Anger is a gift from God. A gift of learning, to repudiate the moral wrongs, especially our sins of omission that we blame on someone else but never to ourselves. But we must learn to use our anger appropriately and in the right times and in the right places. Righteous indignation is an entity deep down within our soul, seldom directed at any one person, yet demanding universal action. This is what I have been experiencing.
In my opinion this is the right time and this is the right place.
My story of my relations with JB and Audie is unique. It is not encumbered by the usual dishonesty of outside interference by other parties simply because there were none. The relationship was and still is honest and reflects only those things that I observed! Neither am I trying to place individual blame because some of our sins require universal condemnation.
What we allowed to happen to JB and Audie is the product of a collective moral wrong. A sin to be reckoned with!
We congregate in our individual houses of worship and give our God one or two hours of our weekly ration of time. Our hairdresser or barber often gets more time. We fail to understand the simplicity of what He requires of us. To love our God with all our heart, with all our body and with all our soul and to love our neighbor as we love our self! That is it. The rest is commentary!
However, when we fail at this simple task, we deserve the wrath of an angry God!

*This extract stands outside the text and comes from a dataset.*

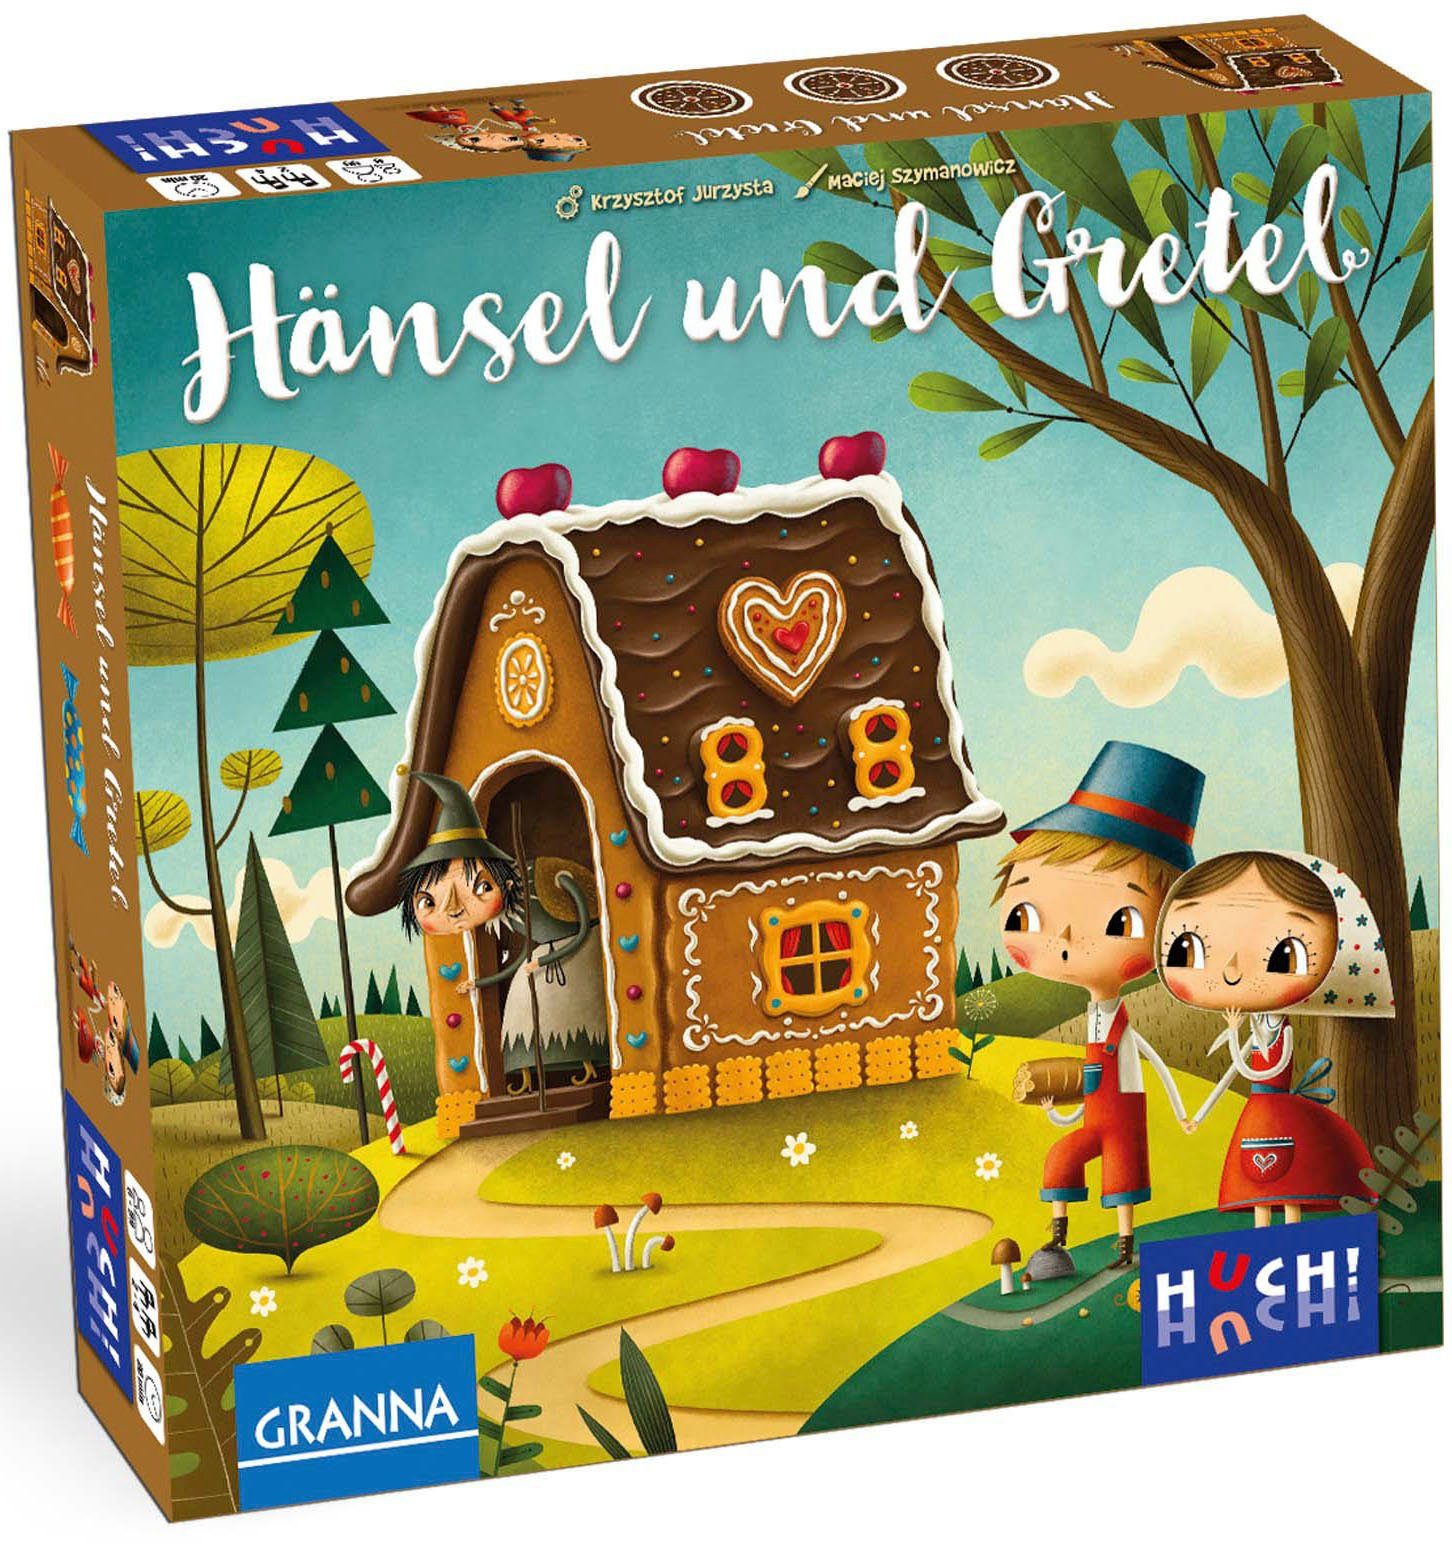 Spiel, Europe in Kinderspiel Gretel, Hänsel Huch! & Made

Should not universal condemnation be extended to every member of every church in this community simply because we failed in our duty to respond to the needs of a lovely elderly couple, our neighbor, in their hour of need.
You be the judge!
As for me! I am just liable, if the old lady’s daughter comes back and does this again, just stop her right there in front of God and all witnesses and demand that she take her mother into her room and talk to her all afternoon!